### Records for the exercise

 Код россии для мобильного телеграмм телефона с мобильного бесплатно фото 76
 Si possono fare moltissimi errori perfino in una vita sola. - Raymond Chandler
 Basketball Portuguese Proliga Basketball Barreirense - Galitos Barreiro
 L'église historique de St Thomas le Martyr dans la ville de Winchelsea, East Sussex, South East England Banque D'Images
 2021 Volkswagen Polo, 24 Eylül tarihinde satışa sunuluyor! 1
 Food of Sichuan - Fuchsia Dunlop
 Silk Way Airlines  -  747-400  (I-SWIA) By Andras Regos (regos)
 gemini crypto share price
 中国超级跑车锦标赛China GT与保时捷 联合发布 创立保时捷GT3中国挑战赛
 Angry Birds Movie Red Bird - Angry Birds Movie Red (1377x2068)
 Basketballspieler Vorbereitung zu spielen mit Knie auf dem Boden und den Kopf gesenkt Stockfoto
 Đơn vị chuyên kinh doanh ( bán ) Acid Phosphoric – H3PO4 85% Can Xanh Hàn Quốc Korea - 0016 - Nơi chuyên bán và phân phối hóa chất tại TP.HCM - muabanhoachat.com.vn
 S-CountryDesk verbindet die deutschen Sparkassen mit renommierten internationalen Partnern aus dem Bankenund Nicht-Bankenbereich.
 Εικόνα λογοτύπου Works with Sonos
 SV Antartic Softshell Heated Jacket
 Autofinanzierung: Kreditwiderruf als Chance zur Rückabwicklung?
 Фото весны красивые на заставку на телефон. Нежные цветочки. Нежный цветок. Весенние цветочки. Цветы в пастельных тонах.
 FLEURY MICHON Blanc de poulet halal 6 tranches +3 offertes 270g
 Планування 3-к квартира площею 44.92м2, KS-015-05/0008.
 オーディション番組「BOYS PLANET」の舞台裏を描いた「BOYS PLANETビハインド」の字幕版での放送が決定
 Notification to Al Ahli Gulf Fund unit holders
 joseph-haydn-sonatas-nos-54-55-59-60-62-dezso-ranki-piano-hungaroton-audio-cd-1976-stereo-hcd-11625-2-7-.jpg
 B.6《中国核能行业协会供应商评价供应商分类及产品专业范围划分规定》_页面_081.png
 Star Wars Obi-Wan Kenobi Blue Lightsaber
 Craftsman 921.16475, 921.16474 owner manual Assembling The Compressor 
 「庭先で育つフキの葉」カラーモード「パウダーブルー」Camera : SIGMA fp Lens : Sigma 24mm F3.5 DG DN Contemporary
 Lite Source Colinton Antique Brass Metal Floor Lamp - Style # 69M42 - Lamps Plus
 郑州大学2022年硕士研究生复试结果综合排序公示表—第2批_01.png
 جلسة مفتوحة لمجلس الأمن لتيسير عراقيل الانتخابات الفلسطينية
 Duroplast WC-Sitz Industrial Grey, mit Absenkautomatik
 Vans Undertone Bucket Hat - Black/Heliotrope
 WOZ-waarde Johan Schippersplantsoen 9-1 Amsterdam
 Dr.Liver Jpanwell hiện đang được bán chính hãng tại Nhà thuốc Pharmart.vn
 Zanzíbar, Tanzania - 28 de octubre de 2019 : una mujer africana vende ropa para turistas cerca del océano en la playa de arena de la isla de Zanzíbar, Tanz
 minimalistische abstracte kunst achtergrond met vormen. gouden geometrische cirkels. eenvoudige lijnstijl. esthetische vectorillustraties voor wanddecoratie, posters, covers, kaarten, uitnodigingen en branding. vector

### Task statement
Each record above needs to be reproduced exactly as written.

### Written solution
 Код россии для мобильного телеграмм телефона с мобильного бесплатно фото 76
 Si possono fare moltissimi errori perfino in una vita sola. - Raymond Chandler
 Basketball Portuguese Proliga Basketball Barreirense - Galitos Barreiro
 L'église historique de St Thomas le Martyr dans la ville de Winchelsea, East Sussex, South East England Banque D'Images
 2021 Volkswagen Polo, 24 Eylül tarihinde satışa sunuluyor! 1
 Food of Sichuan - Fuchsia Dunlop
 Silk Way Airlines  -  747-400  (I-SWIA) By Andras Regos (regos)
 gemini crypto share price
 中国超级跑车锦标赛China GT与保时捷 联合发布 创立保时捷GT3中国挑战赛
 Angry Birds Movie Red Bird - Angry Birds Movie Red (1377x2068)
 Basketballspieler Vorbereitung zu spielen mit Knie auf dem Boden und den Kopf gesenkt Stockfoto
 Đơn vị chuyên kinh doanh ( bán ) Acid Phosphoric – H3PO4 85% Can Xanh Hàn Quốc Korea - 0016 - Nơi chuyên bán và phân phối hóa chất tại TP.HCM - muabanhoachat.com.vn
 S-CountryDesk verbindet die deutschen Sparkassen mit renommierten internationalen Partnern aus dem Bankenund Nicht-Bankenbereich.
 Εικόνα λογοτύπου Works with Sonos
 SV Antartic Softshell Heated Jacket
 Autofinanzierung: Kreditwiderruf als Chance zur Rückabwicklung?
 Фото весны красивые на заставку на телефон. Нежные цветочки. Нежный цветок. Весенние цветочки. Цветы в пастельных тонах.
 FLEURY MICHON Blanc de poulet halal 6 tranches +3 offertes 270g
 Планування 3-к квартира площею 44.92м2, KS-015-05/0008.
 オーディション番組「BOYS PLANET」の舞台裏を描いた「BOYS PLANETビハインド」の字幕版での放送が決定
 Notification to Al Ahli Gulf Fund unit holders
 joseph-haydn-sonatas-nos-54-55-59-60-62-dezso-ranki-piano-hungaroton-audio-cd-1976-stereo-hcd-11625-2-7-.jpg
 B.6《中国核能行业协会供应商评价供应商分类及产品专业范围划分规定》_页面_081.png
 Star Wars Obi-Wan Kenobi Blue Lightsaber
 Craftsman 921.16475, 921.16474 owner manual Assembling The Compressor 
 「庭先で育つフキの葉」カラーモード「パウダーブルー」Camera : SIGMA fp Lens : Sigma 24mm F3.5 DG DN Contemporary
 Lite Source Colinton Antique Brass Metal Floor Lamp - Style # 69M42 - Lamps Plus
 郑州大学2022年硕士研究生复试结果综合排序公示表—第2批_01.png
 جلسة مفتوحة لمجلس الأمن لتيسير عراقيل الانتخابات الفلسطينية
 Duroplast WC-Sitz Industrial Grey, mit Absenkautomatik
 Vans Undertone Bucket Hat - Black/Heliotrope
 WOZ-waarde Johan Schippersplantsoen 9-1 Amsterdam
 Dr.Liver Jpanwell hiện đang được bán chính hãng tại Nhà thuốc Pharmart.vn
 Zanzíbar, Tanzania - 28 de octubre de 2019 : una mujer africana vende ropa para turistas cerca del océano en la playa de arena de la isla de Zanzíbar, Tanz
 minimalistische abstracte kunst achtergrond met vormen. gouden geometrische cirkels. eenvoudige lijnstijl. esthetische vectorillustraties voor wanddecoratie, posters, covers, kaarten, uitnodigingen en branding. vector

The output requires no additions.